_Problem statement_
From the material below, set down exactly the lines that run from the one containing "LOT - CAROUSEL" to the one containing "Ian Botham is", minus the pictures.

_Records shown_
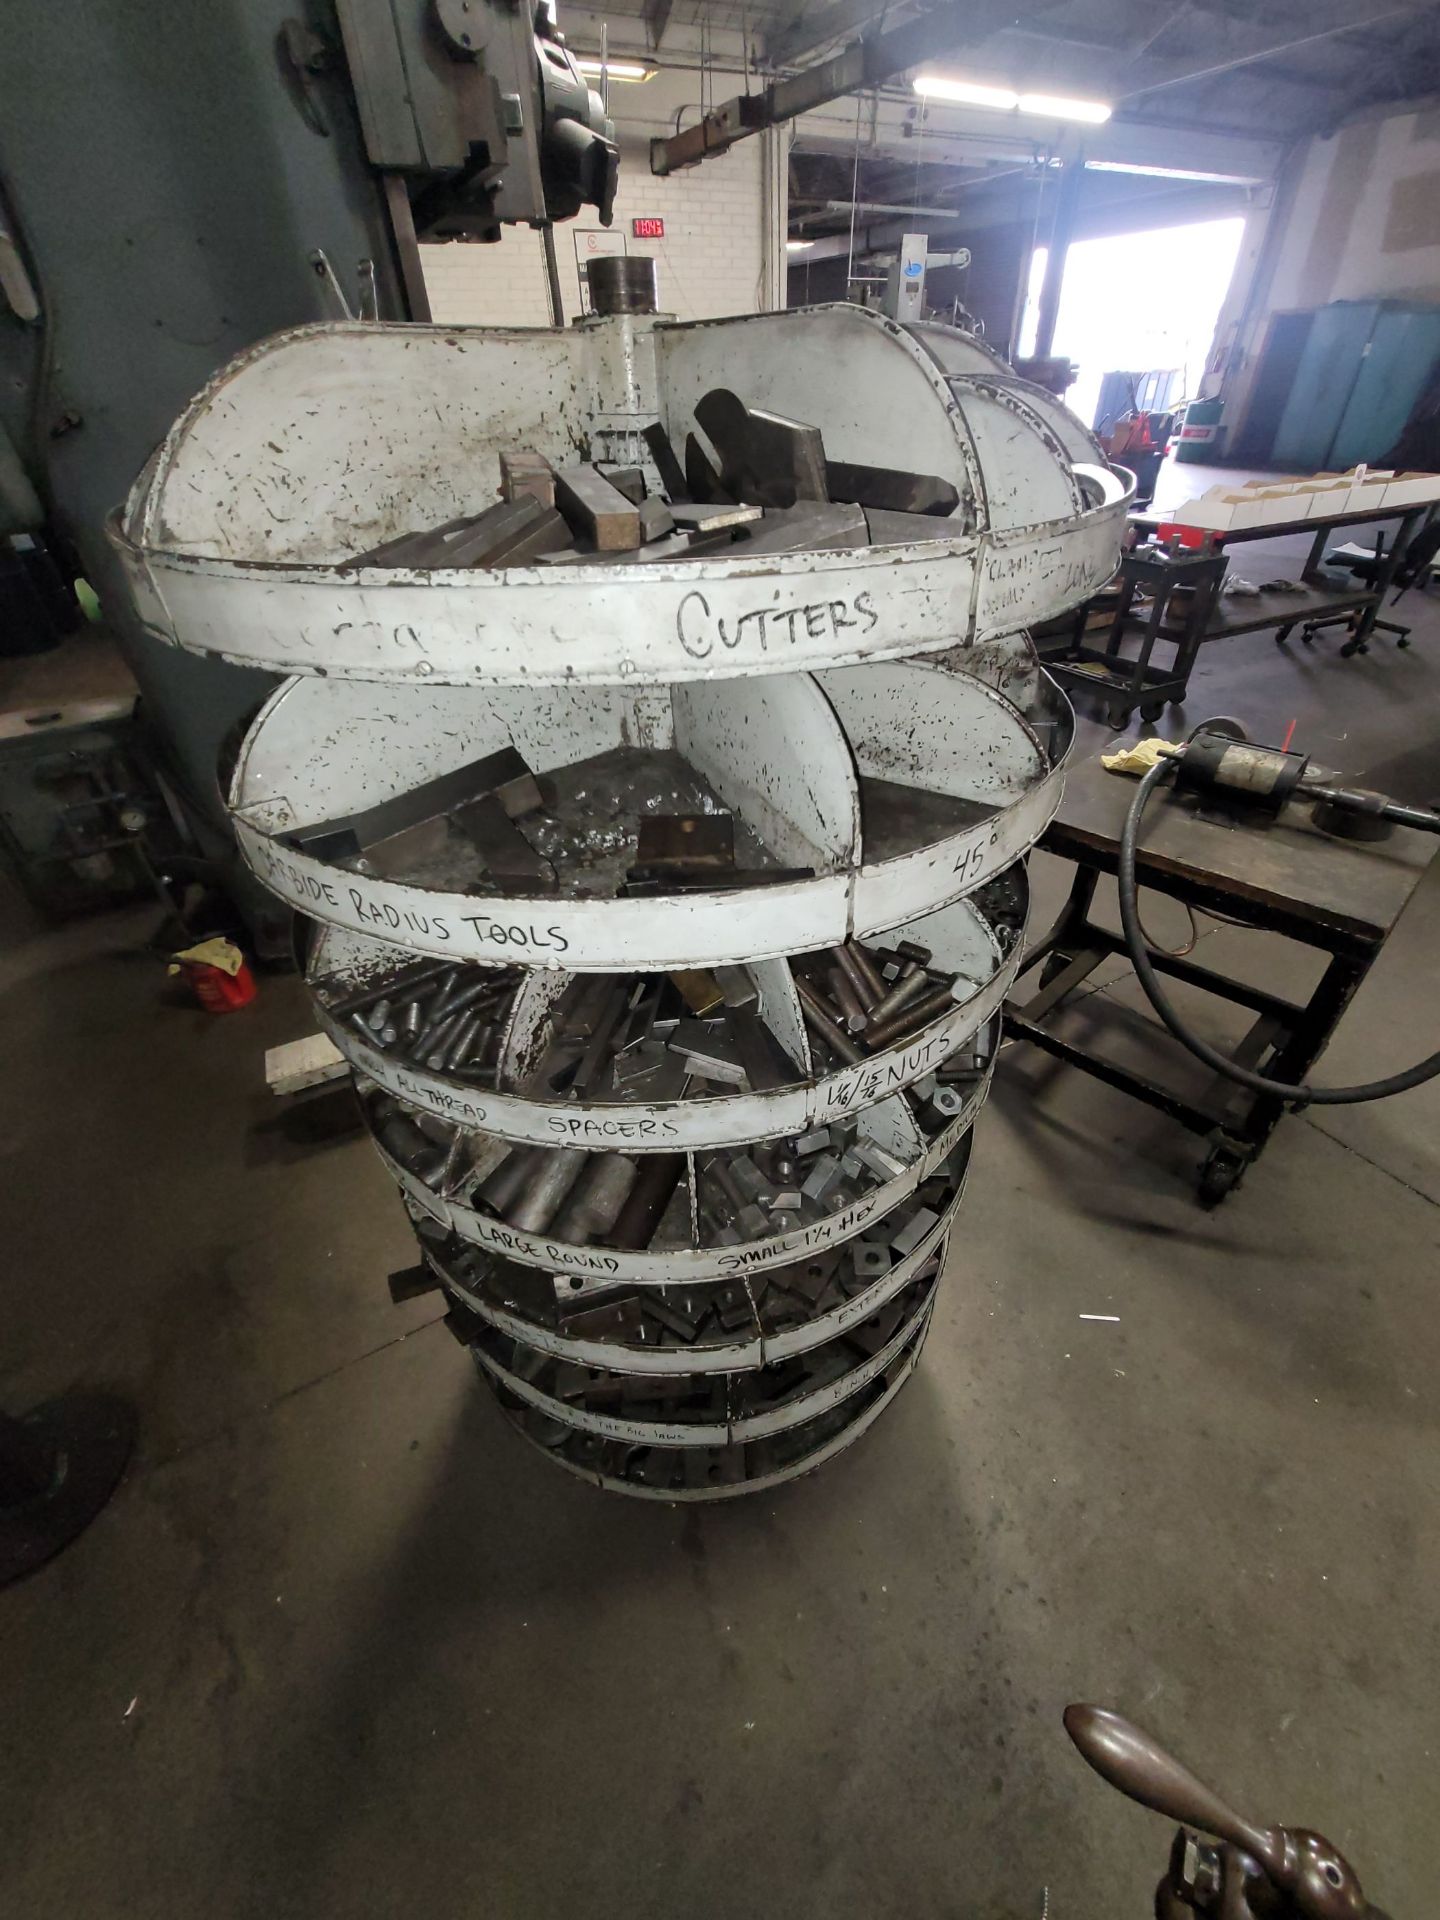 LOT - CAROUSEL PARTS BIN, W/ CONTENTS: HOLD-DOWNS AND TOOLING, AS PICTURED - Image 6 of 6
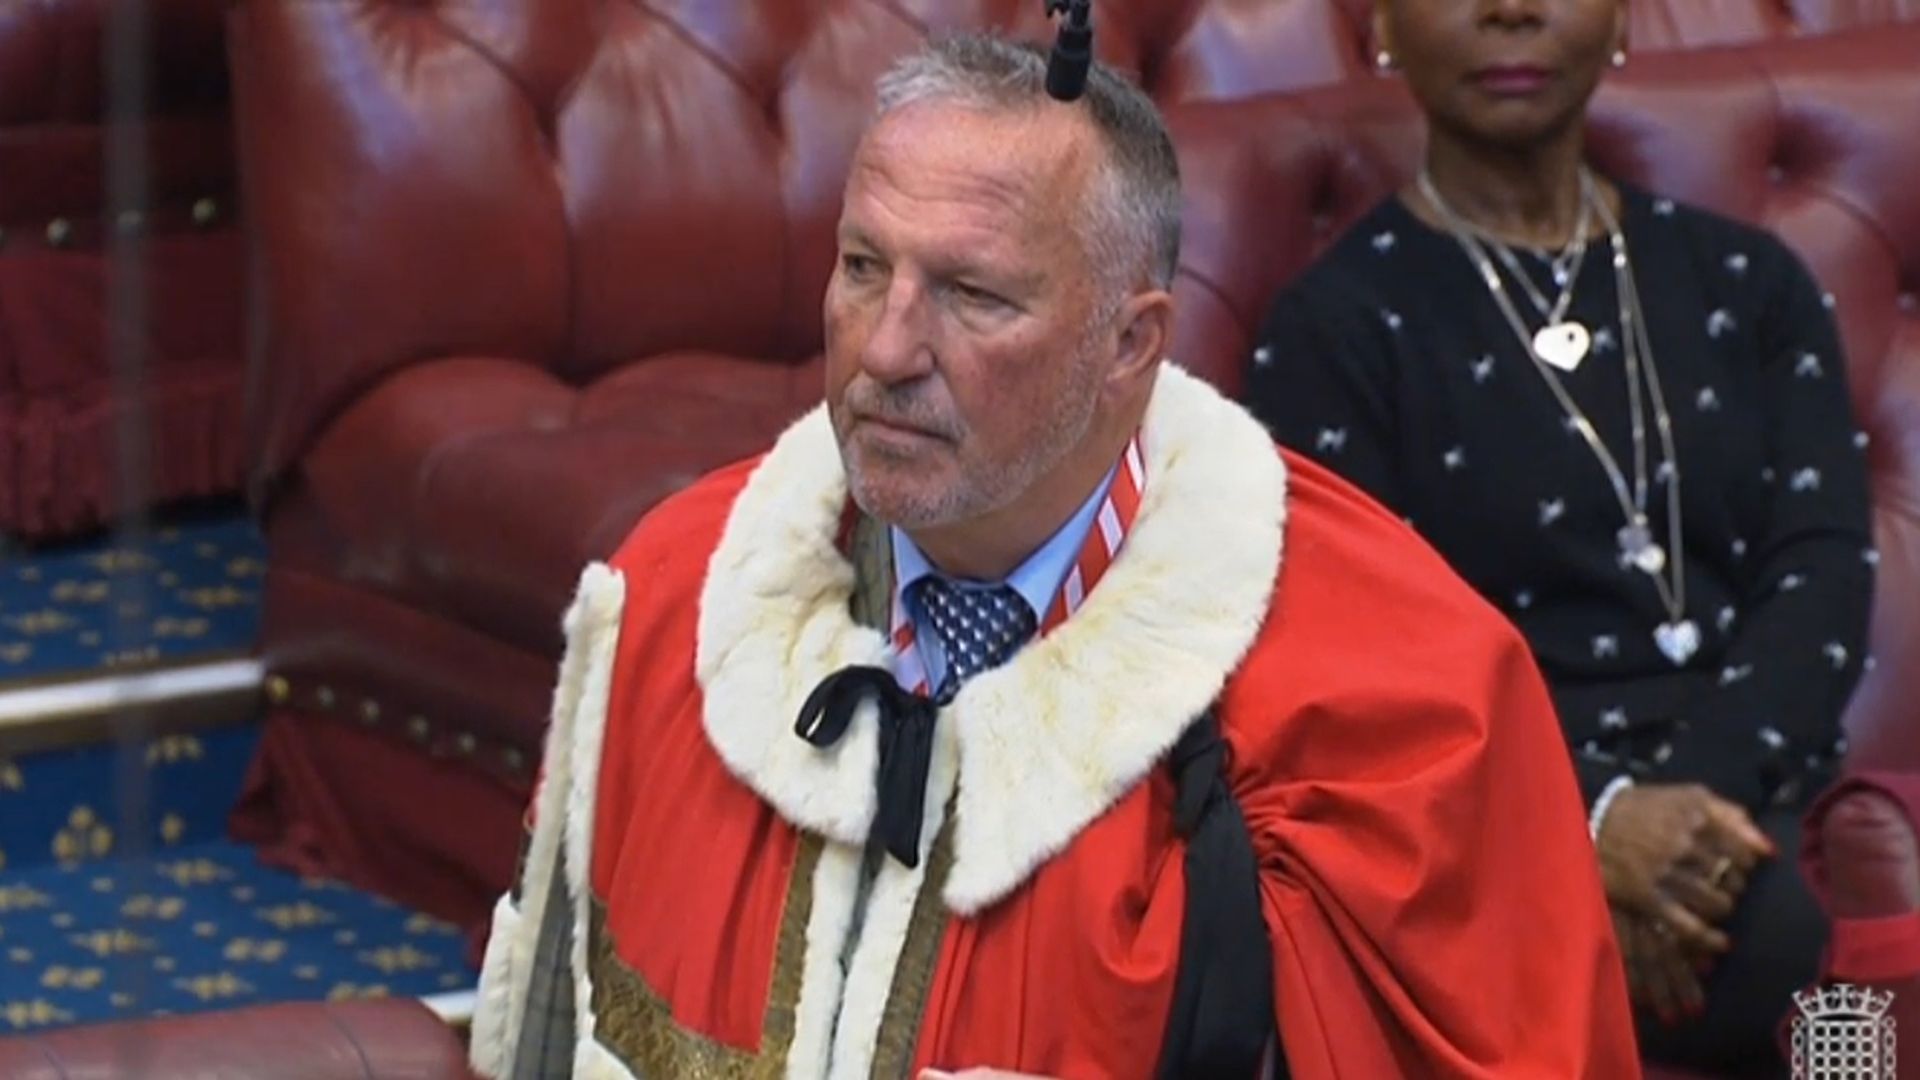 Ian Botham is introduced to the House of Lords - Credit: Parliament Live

--

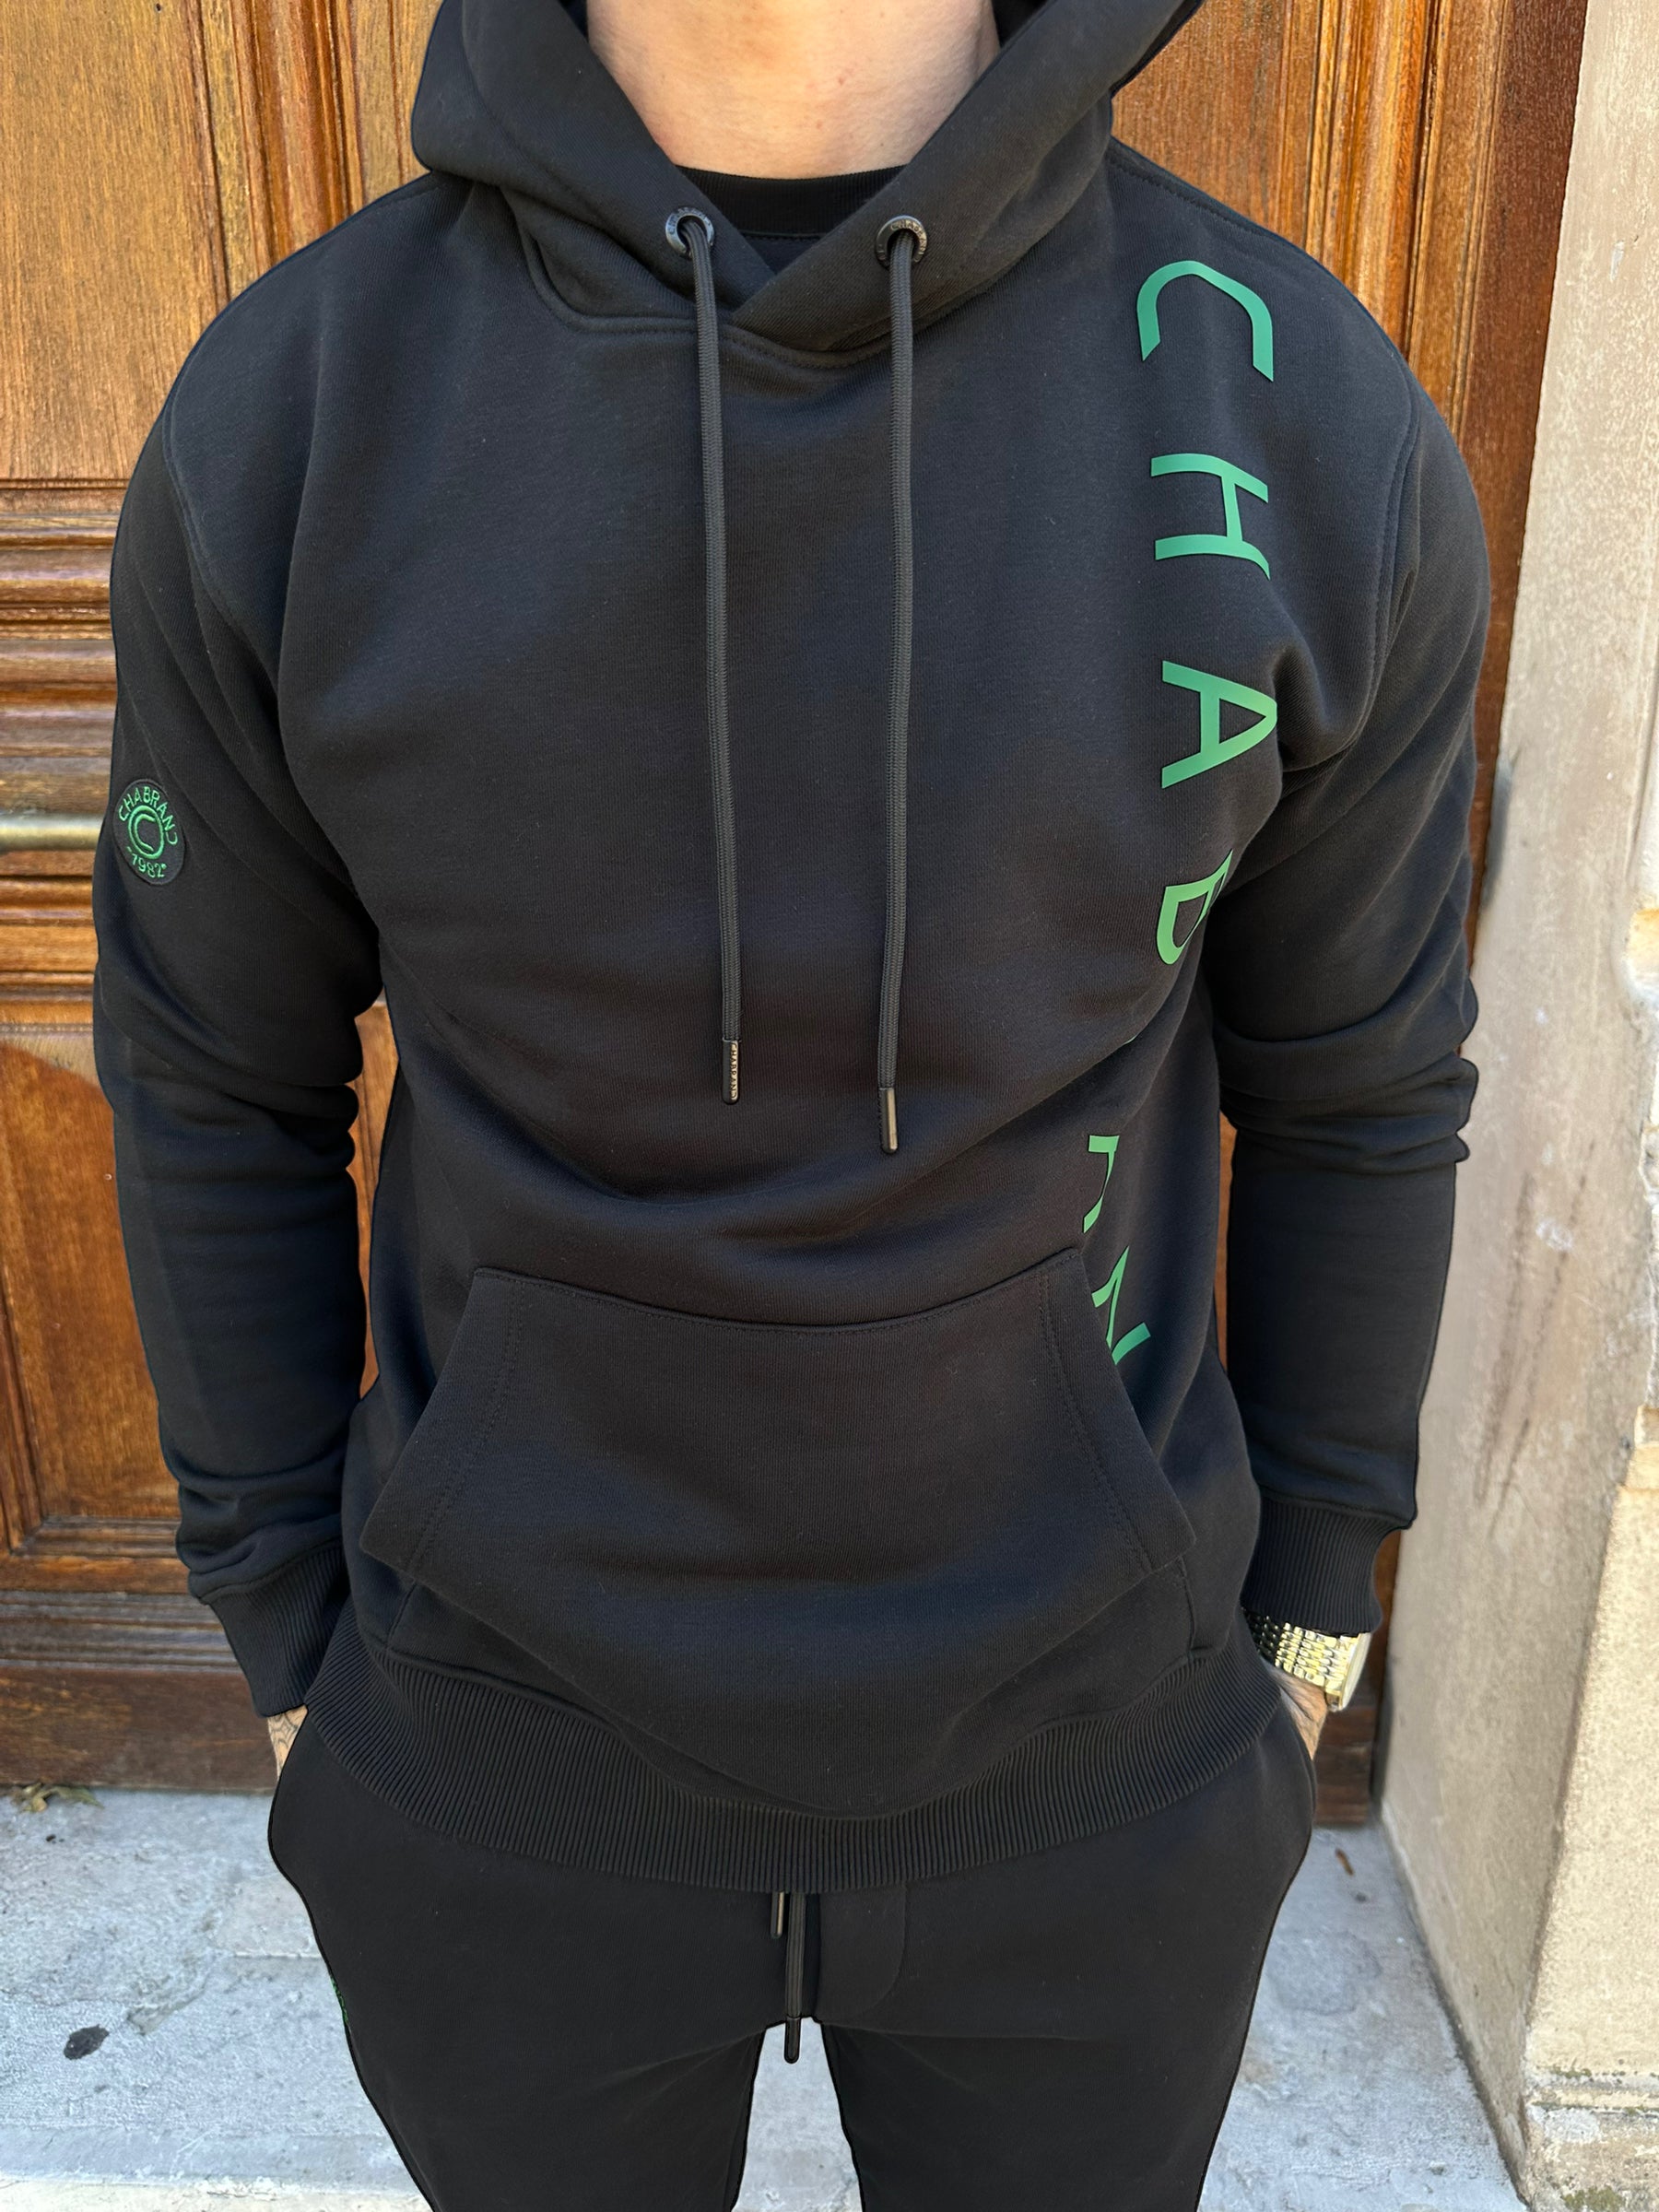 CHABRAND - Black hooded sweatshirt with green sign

---

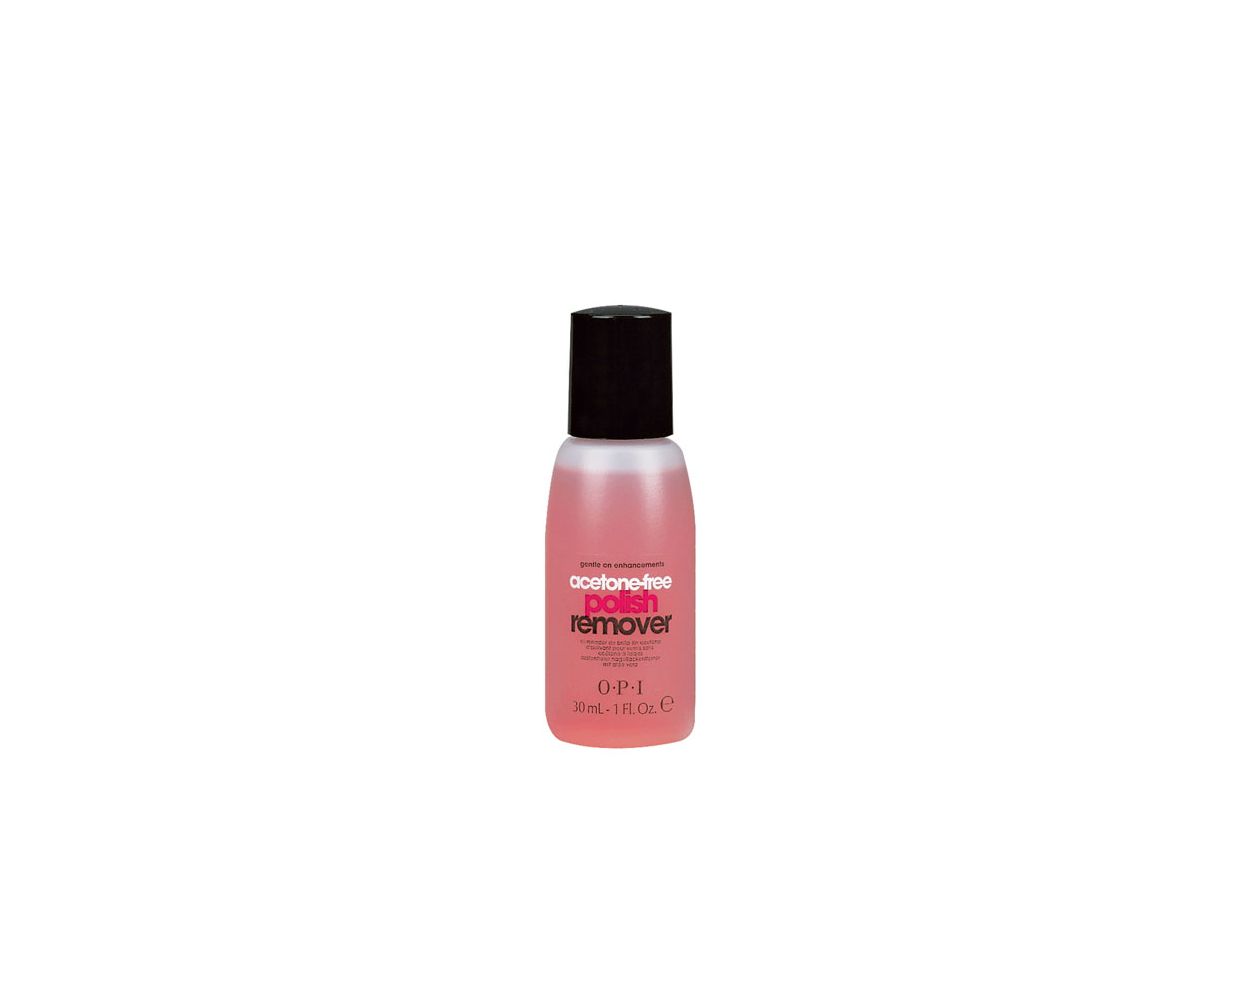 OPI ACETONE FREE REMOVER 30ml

_Exercise result_
 LOT - CAROUSEL PARTS BIN, W/ CONTENTS: HOLD-DOWNS AND TOOLING, AS PICTURED - Image 6 of 6
 Ian Botham is introduced to the House of Lords - Credit: Parliament Live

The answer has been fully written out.